Perhaps the critical community has gone a little overboard in its praise of Top Gun: Maverick. Spend too much time in our company and you could get the sense a Nobel Prize is coming the way of Tom Cruise and his team.

A glance at the competition will, however, do something to explain away the enthusiasm. The second Top Gun film’s aims are no more lofty than those of the sixth Jurassic Park film. Both seek to stimulate nostalgia glands while reaching out to demographics unborn when the franchises began. Here’s the distinction. Whereas Maverick has been honed to run as smoothly as, well, a top-of-the-range fighter jet, Jurassic World Dominion (no colon, apparently) feels like the result of a last-minute trundle around the Blockbuster Mart.

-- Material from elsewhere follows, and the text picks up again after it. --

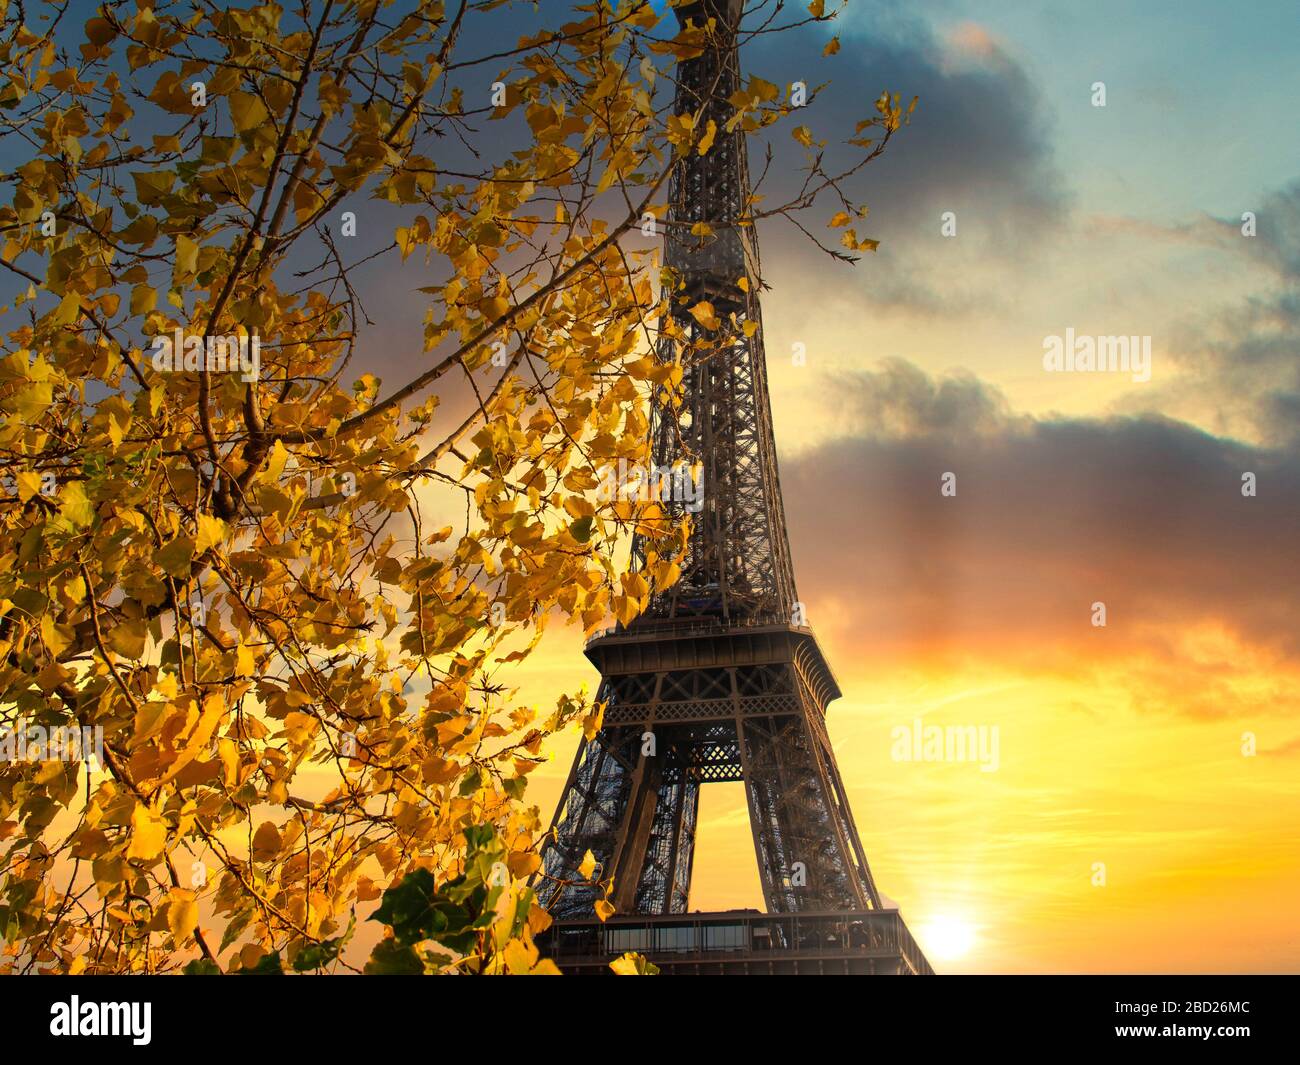 Eiffel tower at sunset in Paris, France Stock Photo

We’ll bring back middle-aged characters from the first film. We’ll balance that with a plucky group of youngsters. We’ll engineer some racial diversity and allow in a little (just a teeny bit, mind) of polite LGBT action. Did you see how well James Bond still does? Why not accommodate the villain in a large lair — under-henchmen in white travelling on private railways — that reminds us of Blofeld’s hollowed-out volcanoes? And lots and lots of motorbike chases. And explosions.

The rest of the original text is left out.